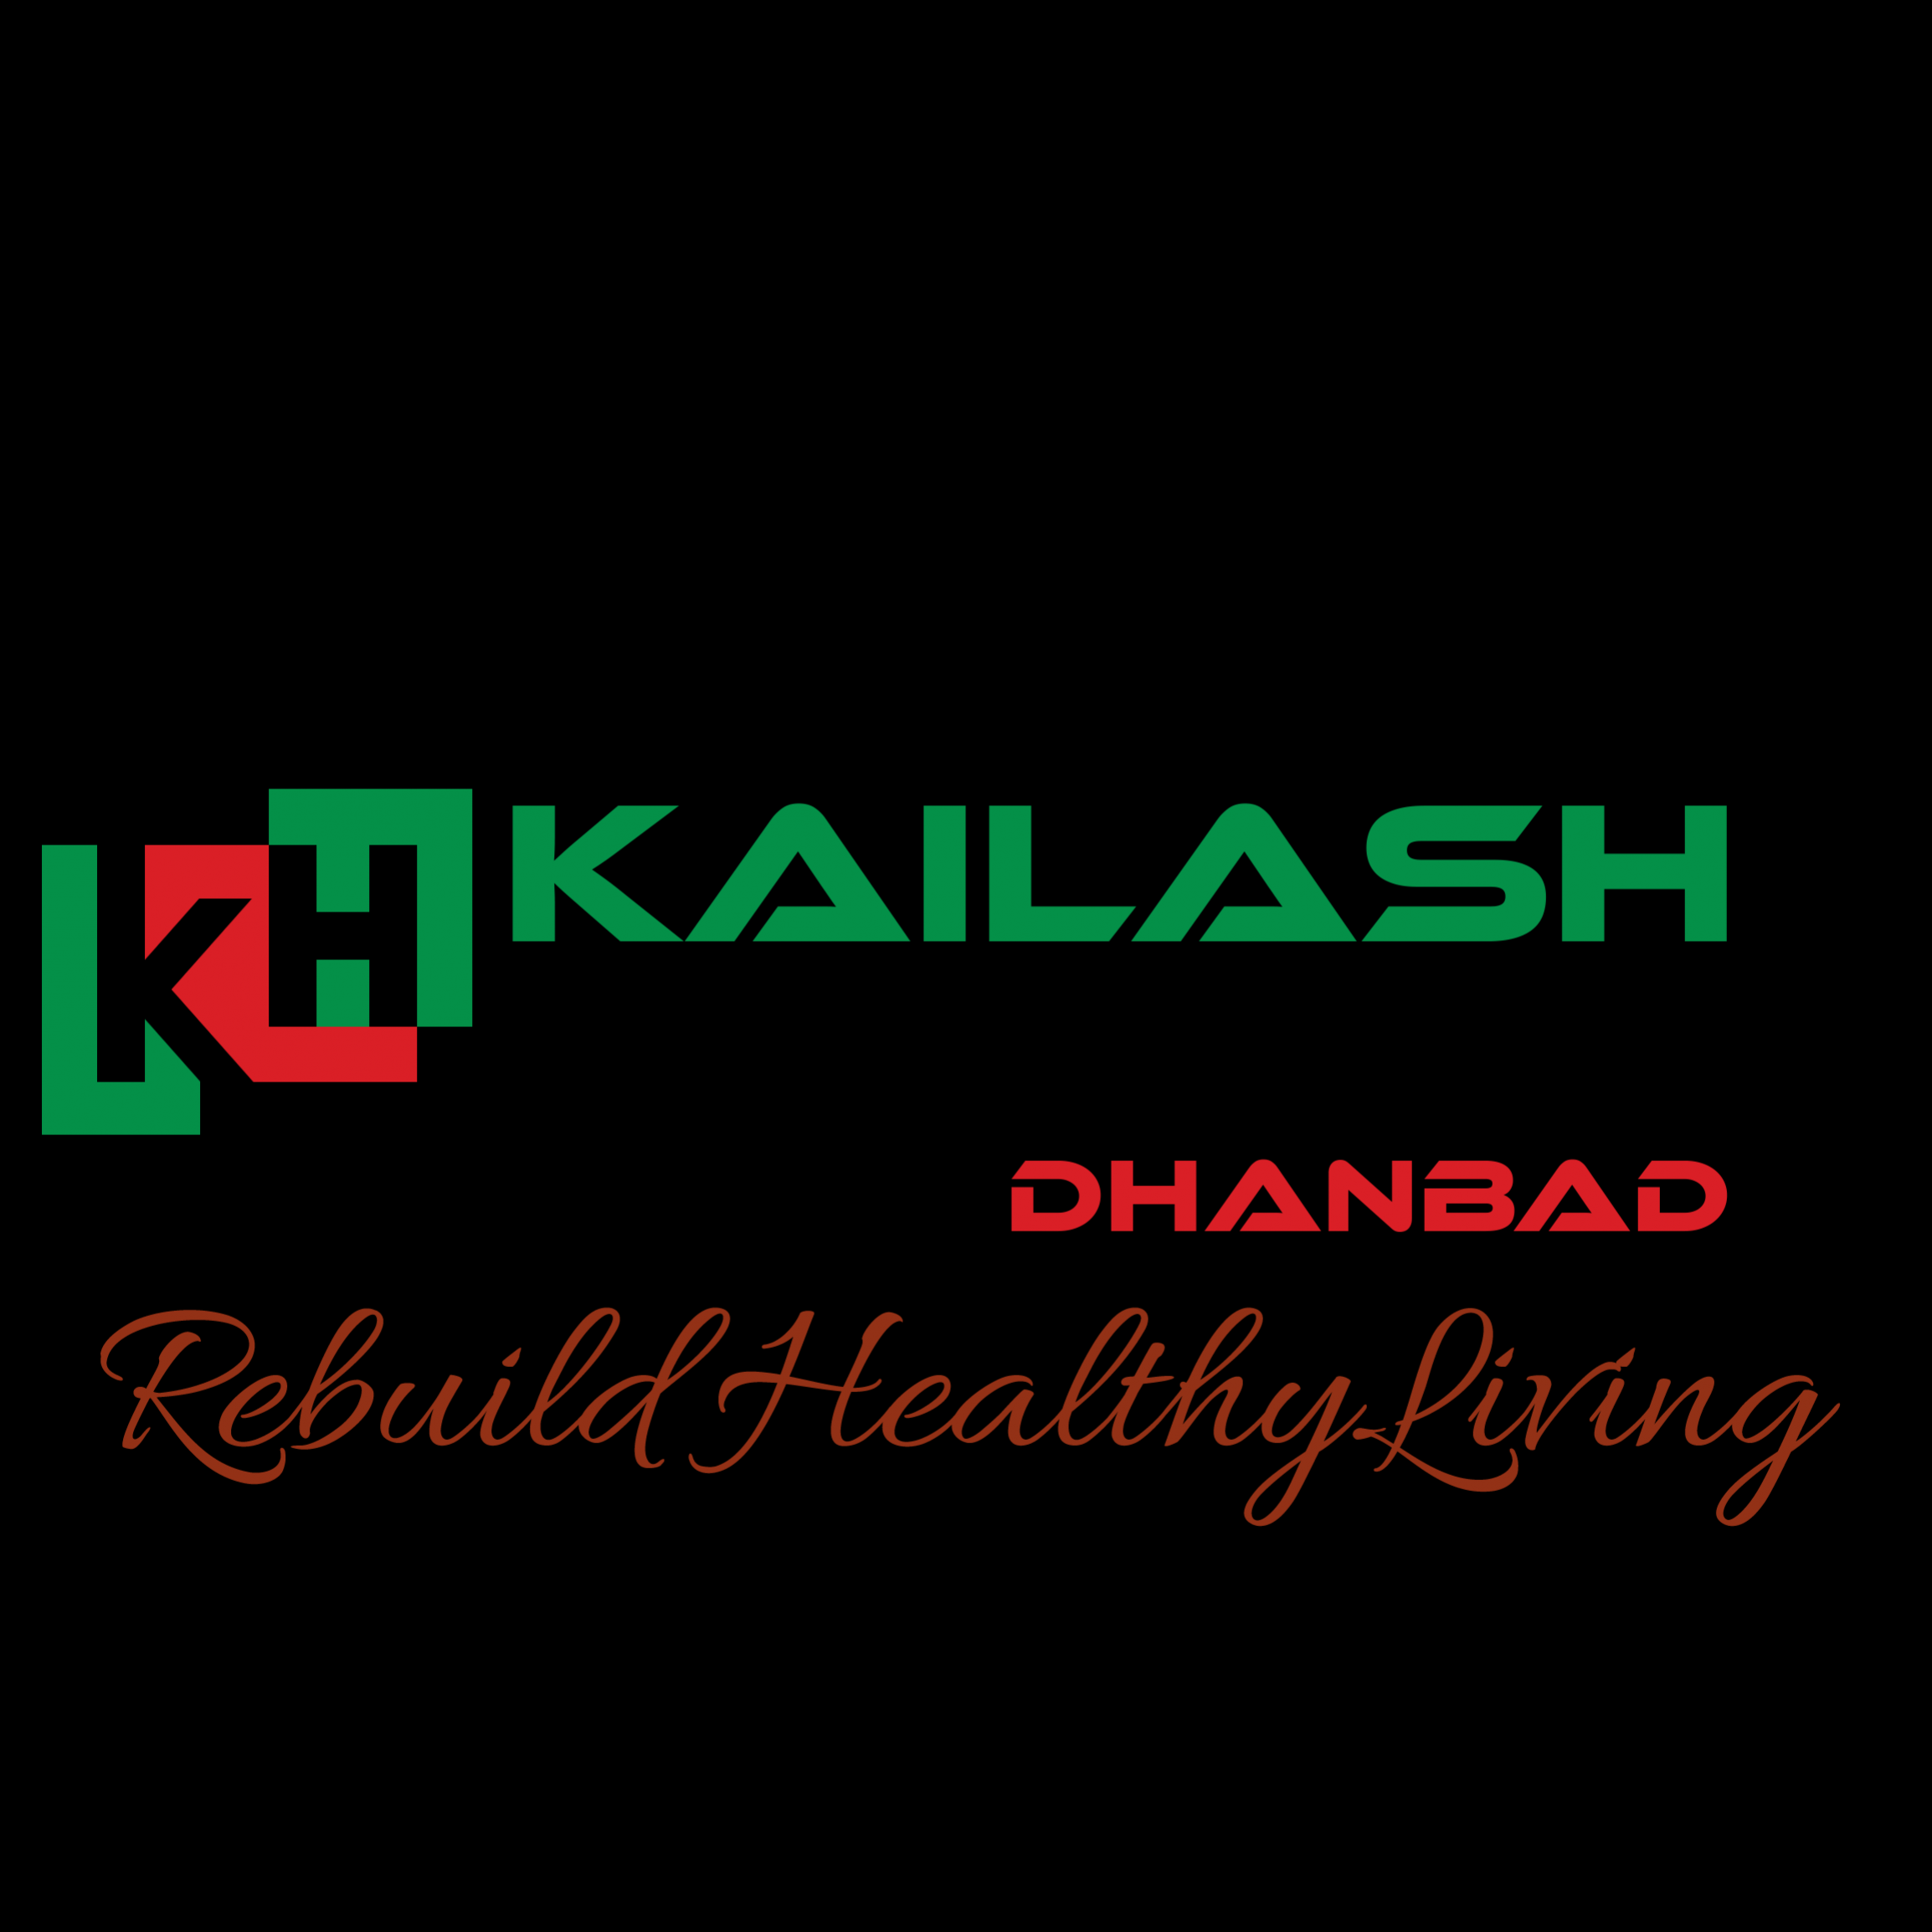 Kailash Hospital Online Presentations Channel
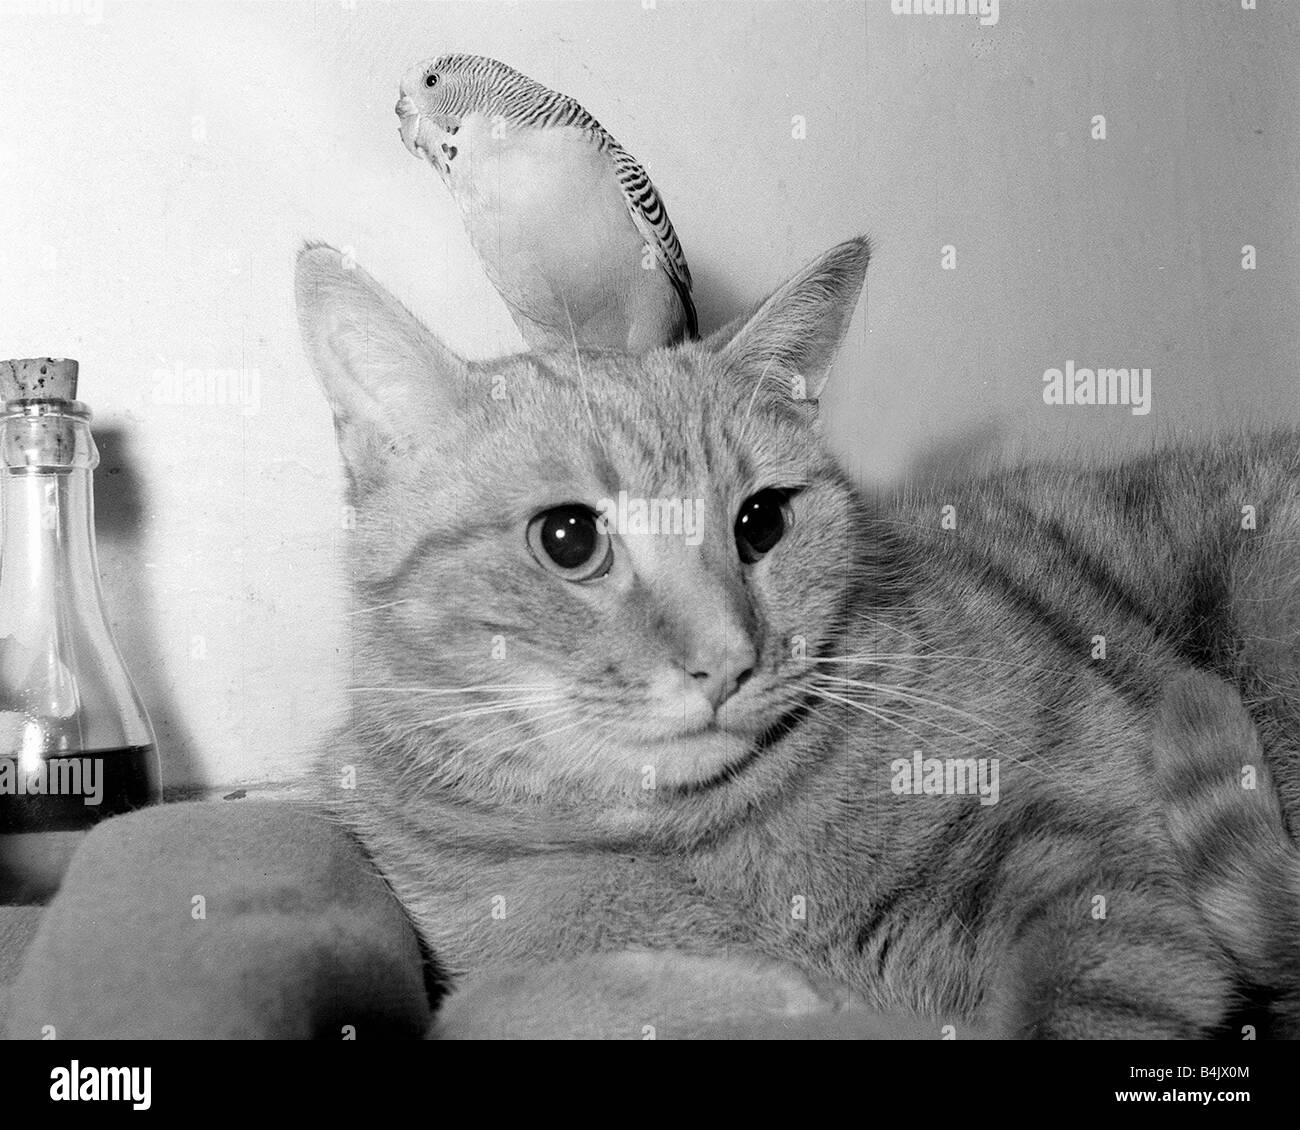 Animals cats and birds budgies budgie on cats head January 1955 Stock Photo
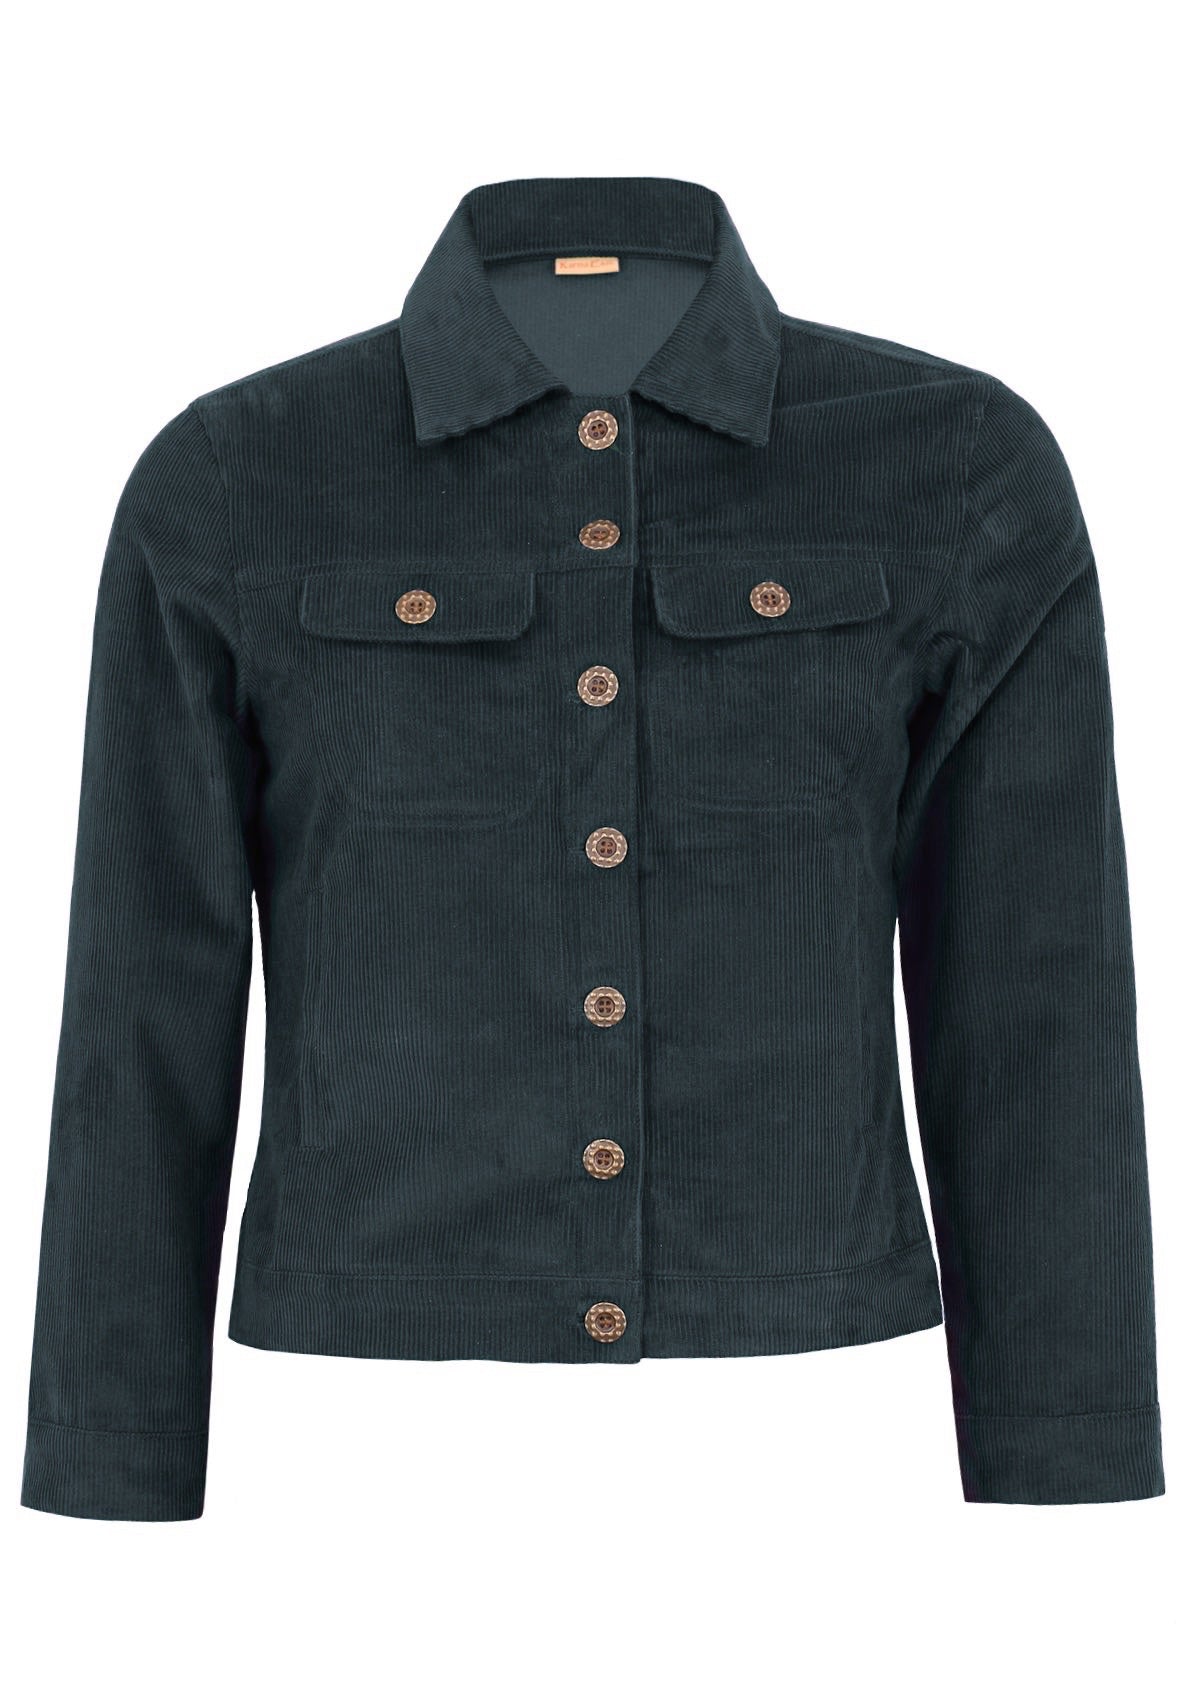 Grey 100% cotton corduroy jacket with four pockets.

★ ★ ★

Aim of the exercise: Restate the whole listing above exactly, except for its images.

Solution:
 Kailash Hospital Online Presentations Channel
 Animals cats and birds budgies budgie on cats head January 1955 Stock Photo
 Grey 100% cotton corduroy jacket with four pockets.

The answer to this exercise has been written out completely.